Predictive models for forecasting KPIs for RCM offer significant improvements and advantages for healthcare providers. By enabling proactive management, increasing efficiency, and improving cash flow, predictive analytics enhances the overall revenue cycle. Predictive models for forecasting KPIs can significantly improve the efficiency and accuracy of healthcare revenue cycles. By anticipating changes in RCM metrics, healthcare organizations can proactively manage and optimize their processes, reduce financial losses, and improve cash flow. Predictive models provide actionable insights, enabling data-driven decisions in RCM operations. KPIs forecasted with greater accuracy allow for better alignment of operational strategies with financial goals. Predictive models identify inefficiencies and areas for improvement in the RCM process, reducing manual workload. Automated forecasting reduces reliance on ad hoc reporting and manual analysis, freeing up resources for higher-value tasks.

In one or more embodiments, accurately predicting cash inflows and outflows based on historical billing and payment data allows for optimizing financial planning. Better cash flow management helps maintain liquidity and supports strategic planning for capital expenditures and investments. Timely identification of potential cash shortfalls allows for proactive measures to secure necessary funds, enhancing financial stability.

In one or more embodiments, accurately forecasting workload based on patient volumes, billing cycles, and claims processing times enables organizations to optimize staffing levels. Anticipating workload fluctuations enables more efficient resource allocation, reducing operational bottlenecks. Optimized staffing improves response times, enhances employee satisfaction, and reduces overtime costs. By optimizing staff allocation and improving cash flow, predictive models help reduce overall RCM costs. Proactive measures, informed by predictive analytics, reduce costly reactive interventions and streamline operations. Healthcare providers that leverage predictive models for RCM gain a competitive edge by optimizing their revenue cycle and financial health. Better financial management supports expansion and improved care quality, attracting patients and payers.

In one or more embodiments, accurately predicting patient volume trends and associated revenues enables organizations to support budgeting and resource planning. By aligning resources with expected demand, healthcare providers can improve patient care and reduce wait times. Revenue forecasting allows for more accurate budgeting and helps mitigate the impact of seasonal fluctuations in patient volumes. By understanding how the payer mix will change, organizations can adjust their strategies to maximize reimbursements. Better management of payer mix improves revenue predictability and helps healthcare providers negotiate more favorable terms with payers.

Accurate forecasting of KPIs for RCM supports better cash flow management and enhances revenue stability. Providers can manage expenses, plan for investments, and reduce financial uncertainty by forecasting revenue cycles more effectively. With improved cash flow and resource allocation, providers can invest in quality patient care and reduce wait times.

Predictive modeling supports streamlined billing and payment processes, enhancing patient satisfaction with the financial aspects of care.

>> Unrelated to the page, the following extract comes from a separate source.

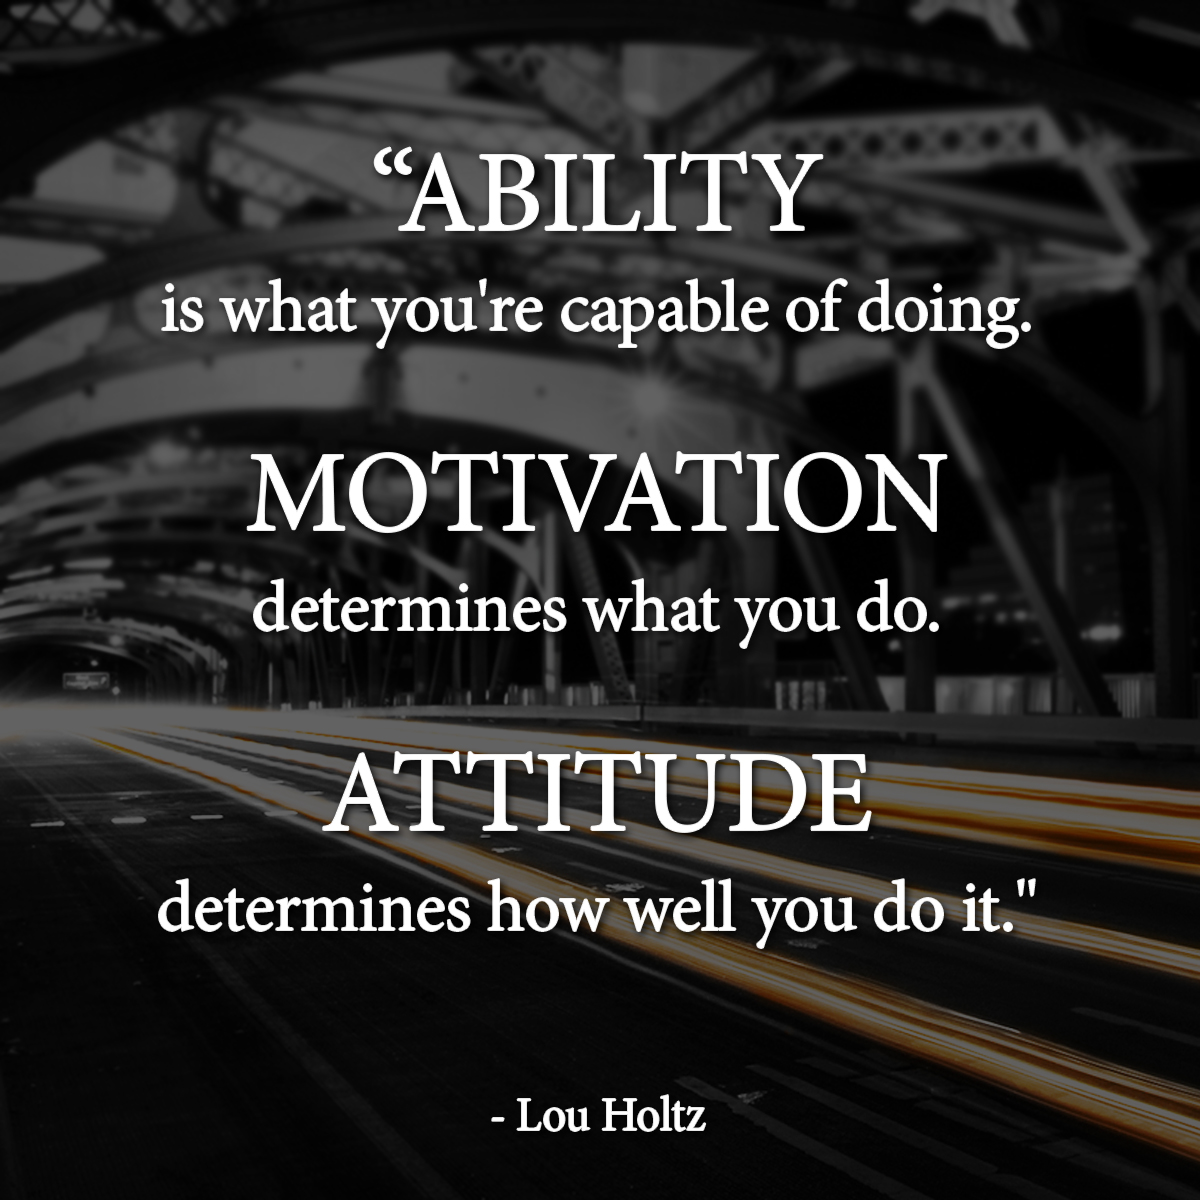 Ability is what you’re capable of doing. Motivation determines what you do. Attitude determines how well you do it. Lou Holtz

One or more embodiments performs AI-driven actions based on the ML model predictions. For example, the system may run a what-if simulation using different hypothetical and/or actual operational parameters as inputs. The what-if simulation may apply the trained ensemble of ML models to the different sets of inputs, outputting a prediction for each different scenario. Based on the ML model outputs, the system may recommend or automate the operational parameters predicted to yield the most optimal KPIs. Example AI-driven insights or actions may include updating or configuring coding software to reduce predicted claim denials, integrating automated eligibility checks and pre-authorization workflows to reduce predicted bottlenecks, modifying a patient registration graphical user interface to streamline patient enrollment, and scheduling automated notifications to reduce predicted payment posting and reconciliation times. Additionally or alternatively, the system provide other AI-driven insights, recommendations, or actions to reduce bottlenecks and/or otherwise optimize workflows.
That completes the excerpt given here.